• _PROBLEM REQUIREMENTS_
Everything from the line containing "Mission Pro Bib" through the line containing "Tennis ATP World" in the listing below should be copied exactly, and nothing more.

• _LISTED RECORDS_

▼

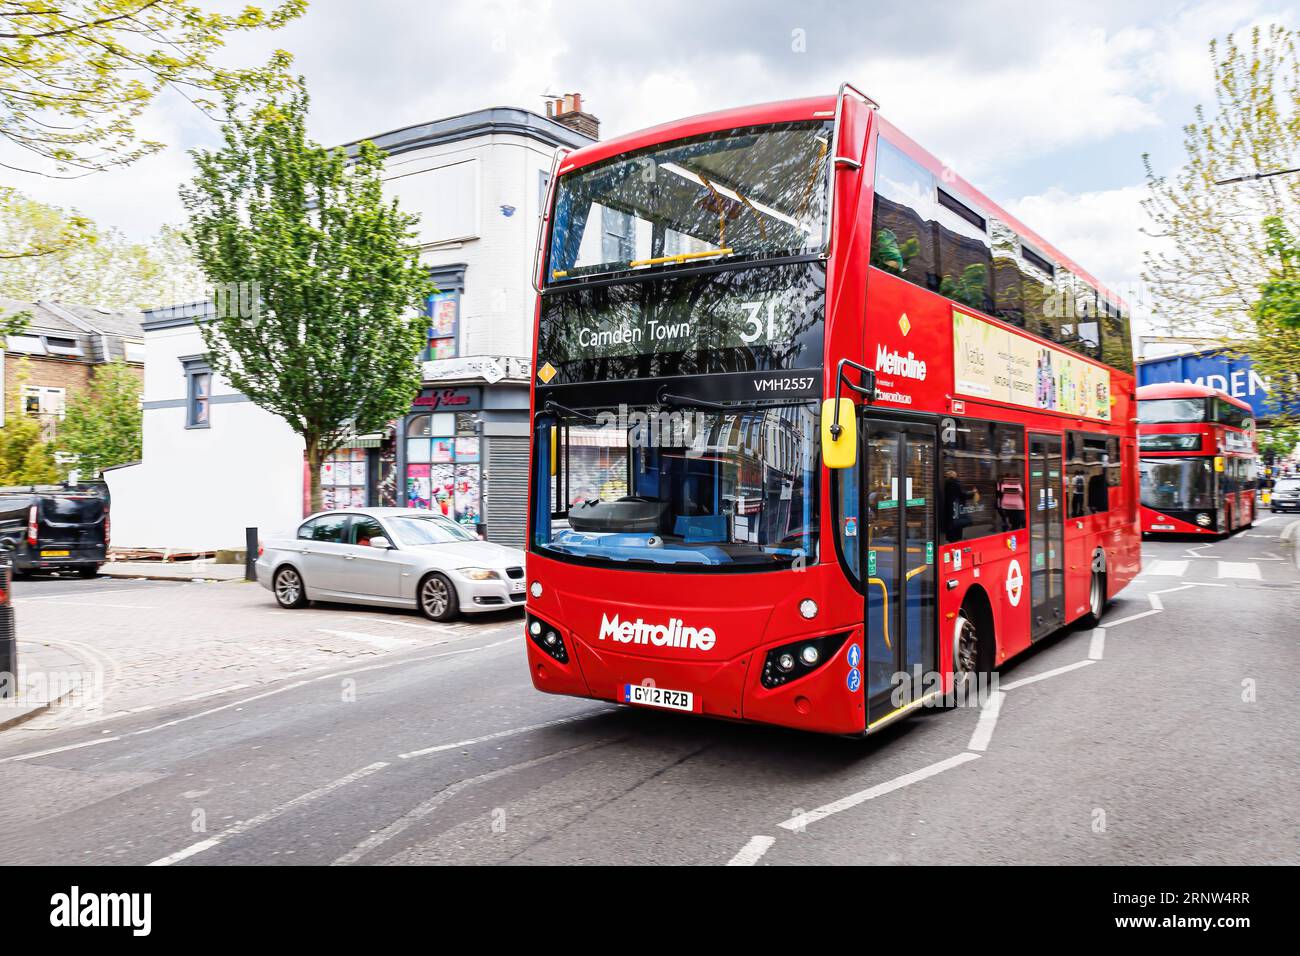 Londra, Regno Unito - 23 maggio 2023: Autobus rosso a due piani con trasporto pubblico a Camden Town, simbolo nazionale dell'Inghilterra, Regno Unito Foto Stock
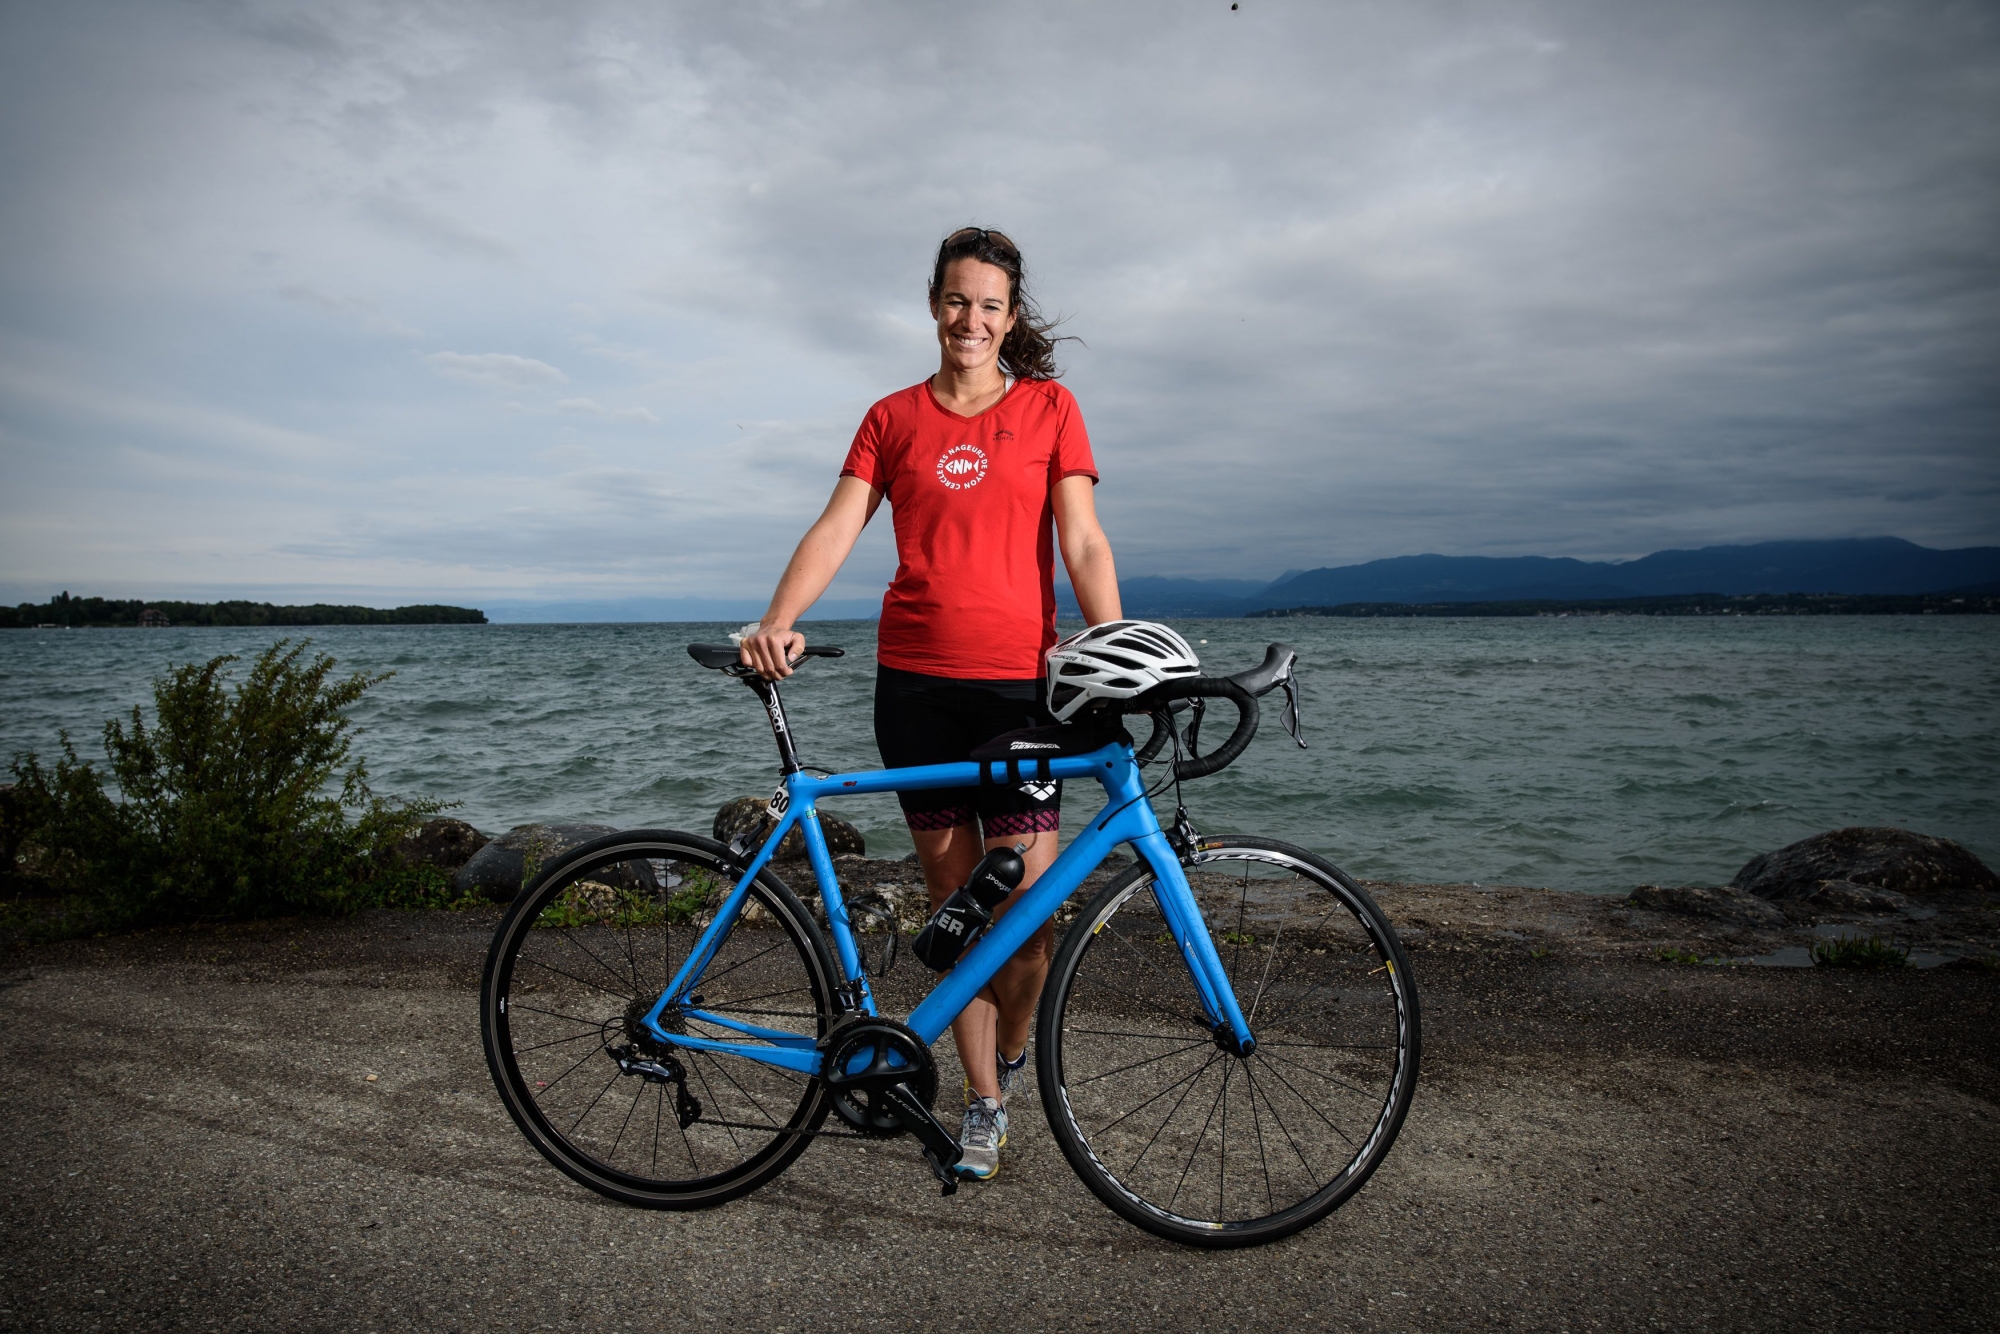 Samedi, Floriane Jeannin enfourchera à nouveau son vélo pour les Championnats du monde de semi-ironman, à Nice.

▲
▼

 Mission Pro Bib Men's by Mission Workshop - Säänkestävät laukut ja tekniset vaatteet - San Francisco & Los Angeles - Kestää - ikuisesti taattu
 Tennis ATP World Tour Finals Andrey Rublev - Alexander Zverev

▲

• _EXPECTED ANSWER_
 Mission Pro Bib Men's by Mission Workshop - Säänkestävät laukut ja tekniset vaatteet - San Francisco & Los Angeles - Kestää - ikuisesti taattu
 Tennis ATP World Tour Finals Andrey Rublev - Alexander Zverev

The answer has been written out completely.